In the wake of the explosive growth in the use of the computer as a communication device, has come a need for systems that help people cope with the sheer volume of information available. It is universally known that the Internet contains vast amounts of unstructured documents, but the same is also true for large organizations like publishing companies, government departments, airplane manufacturers, car manufacturers, and so forth. In many application domains, there is the potential to significantly increase the utility of available textual information by using automated methods for mapping parts of the unstructured text into a structured representation. This process is called Information Extraction (IE).
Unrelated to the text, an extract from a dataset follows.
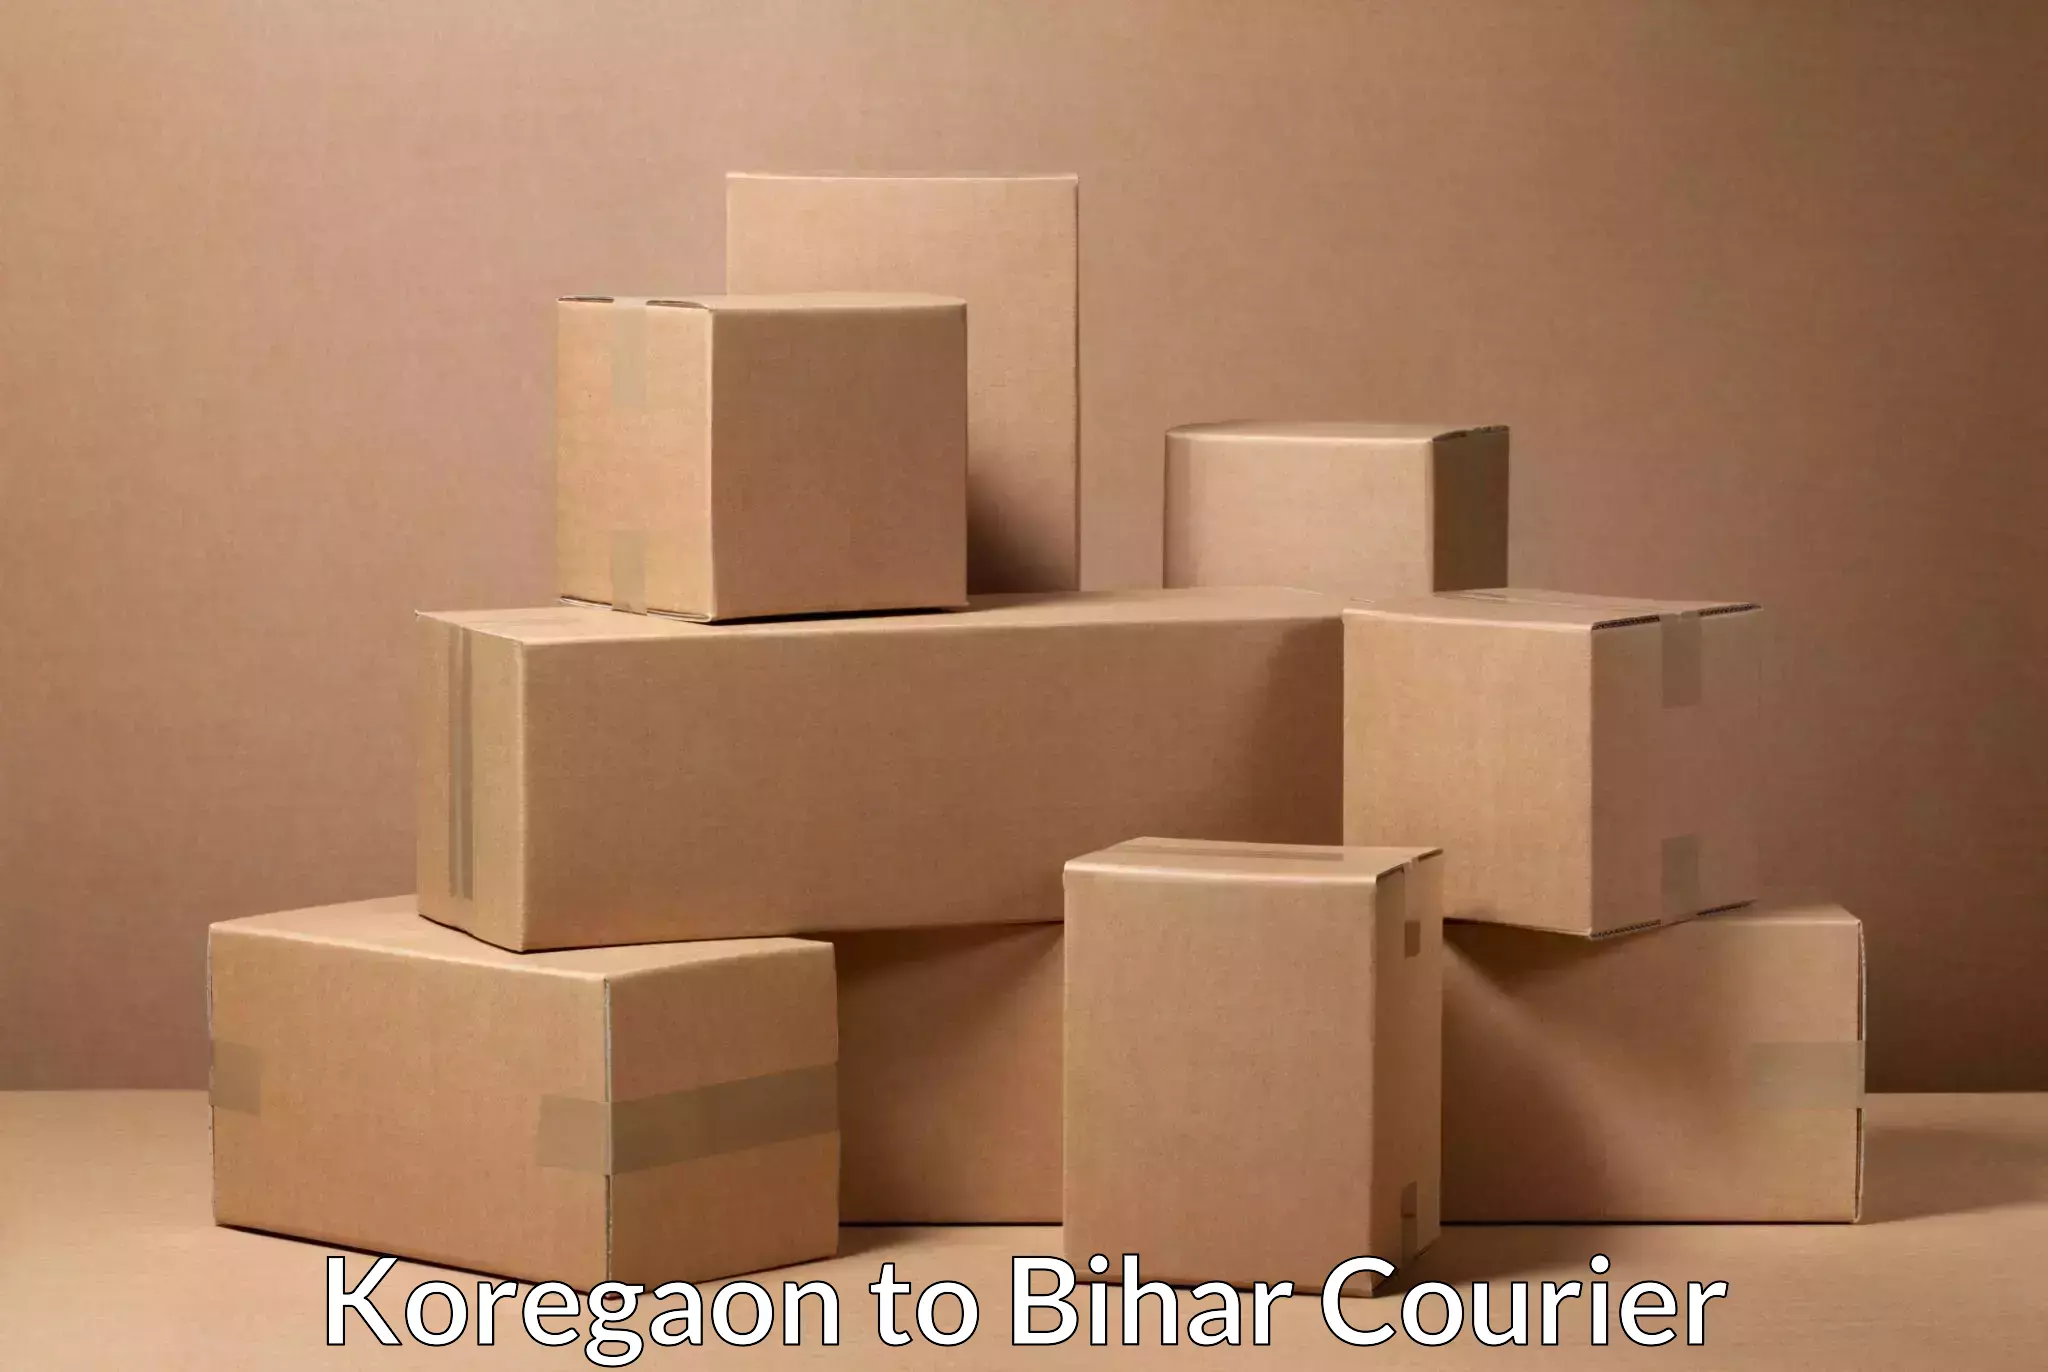 Lightweight parcel options in Koregaon to Bihar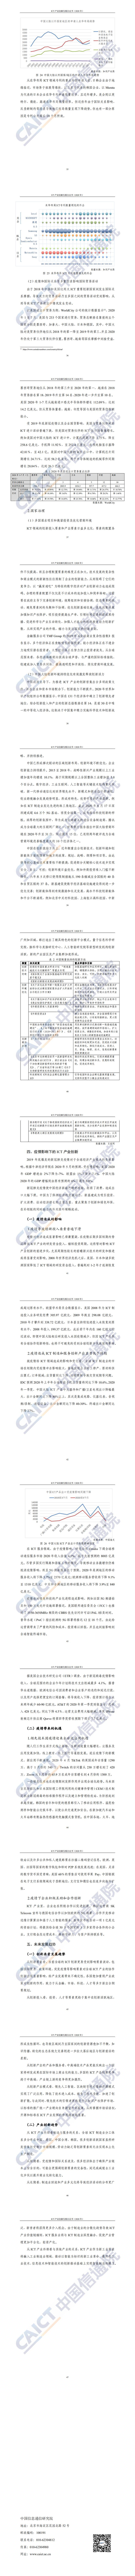 【中国信通院】ICT产业创新发展白皮书（2020 年）_2.jpg

Within IE, the task of Entity Extraction is essentially a classification problem: given a piece of text in a document, the task consists in deciding whether it fits into some entity class. The task of Relation Extraction (REX), also known as event extraction or template filling, additionally aims to establish relations between the classified entities. The top performer in the 2002 DARPA ACE evaluation got entity extraction precision and recall scores of about 80%, but binary relation extraction scores of only roughly 60%. Using a system that makes nearly one mistake out of two suggestions is hardly acceptable in real-world applications. Relation extraction is therefore a difficult open research problem, with important applications in diverse fields, such as Knowledge Management and Web Mining.

Towards a Solution

The Trainable Relation Extraction framework has been developed as a testbed for experimenting with several algorithms for relation extraction. The framework promotes the adoption of a divide and conquer approach, by delimiting subproblems that can be worked upon separately in order to improve the overall system. The framework is general enough to support a variety of IE algorithms. As a first test, an entity extraction algorithm based on support vector machines was quickly developed using the framework. The algorithm achieves state-of-the-art results on typical corpora for the task.